Assessment of the Predictive Value of Anti-beta1AR and Anti-L-CaC Antibodies in the Evolution to Dilated Cardiomyopathy in Patients With Acute Viral Myocarditis

Launched by UNION HOSPITAL, TONGJI MEDICAL COLLEGE, HUAZHONG UNIVERSITY OF SCIENCE AND TECHNOLOGY · Dec 15, 2024

Keywords

ClinConnect Summary

This clinical trial is studying the role of specific antibodies (anti-β1AR and anti-L-CaC) in predicting whether patients with acute viral myocarditis (a heart condition caused by a viral infection) will develop a more serious condition called dilated cardiomyopathy (DCM). About one-third of patients with acute viral myocarditis may face this progression, and understanding how these antibodies affect heart health could help doctors provide better care. The trial will involve around 300 patients aged 18 to 75 who have had symptoms for no more than 30 days.

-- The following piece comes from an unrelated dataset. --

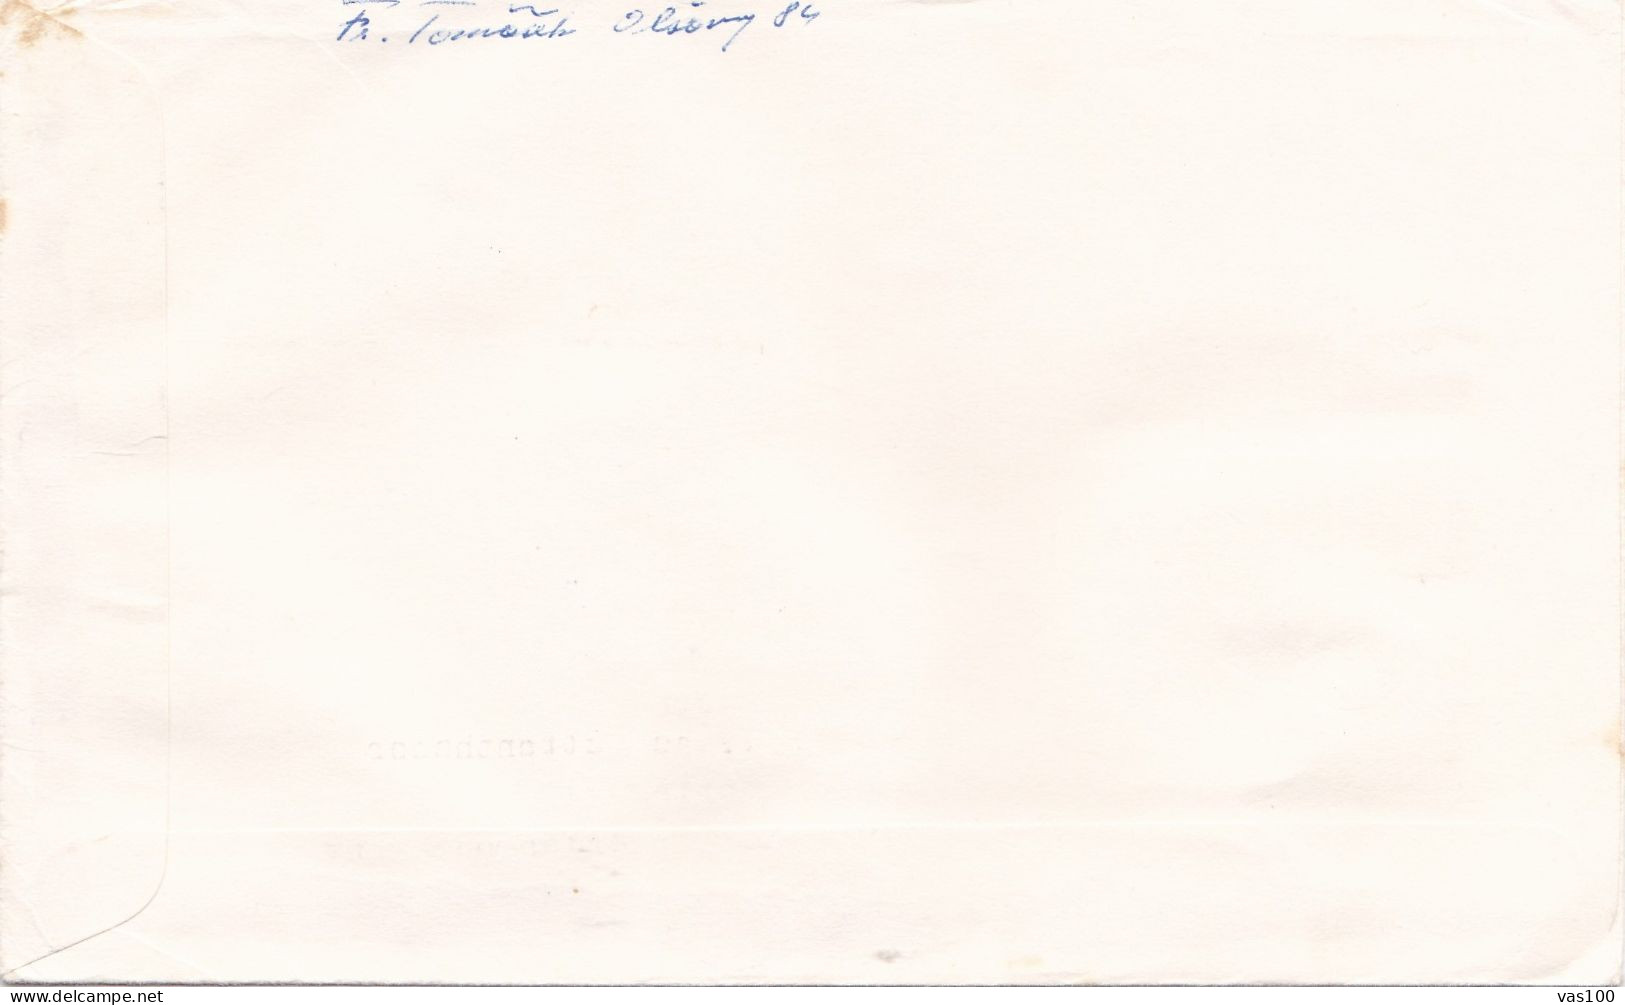 THE PAINTING  COVERS FDC  CIRCULATED 1976 Tchécoslovaquie - Lettres & Documents

Eligible participants will be those who have been diagnosed with viral myocarditis, and they will need to sign an informed consent form to join the study. Throughout the trial, participants can expect to have their blood tested to measure the levels of these antibodies, which will help researchers learn more about their potential role in heart function. This study aims to identify important markers that could guide treatment options for patients with viral myocarditis, ultimately improving outcomes for those at risk of developing DCM.

Gender

ALL

Eligibility criteria

• Inclusion Criteria:
• • 1. Meets diagnostic criteria for VMC
• • 2. Clinical symptoms present for no more than 30 days
• • 3. Age ≥ 18 years and ≤ 75 years
• • 4. Subjects or their legal guardians are fully informed of the nature and risks of the study, participate voluntarily, and sign an informed consent form.
• Exclusion Criteria:
• • 1. Serious uncontrolled infection at enrolment ("uncontrolled" is defined as signs and symptoms of infection that persist without improvement despite antimicrobial or other treatment)
• • 2. Uncontrolled active bleeding at enrollment
• • 3. Systemic autoimmune disease such as systemic lupus erythematosus or diagnosed immunodeficiency disease at enrollment
• • 4. Pregnancy or breastfeeding
• • 5. Combination of serious diseases affecting survival, such as tumors, with a life expectancy shorter than 3 months
• • 6. Patients with poor compliance who are unable to complete the full course of the study
• • 7. Other conditions (e.g., overstimulation, sensitivity, cognitive impairment, mental illness, or substance abuse/addiction) that, in the judgment of the investigator, may increase the risk to the subject or interfere with the clinical study and judgment of the results.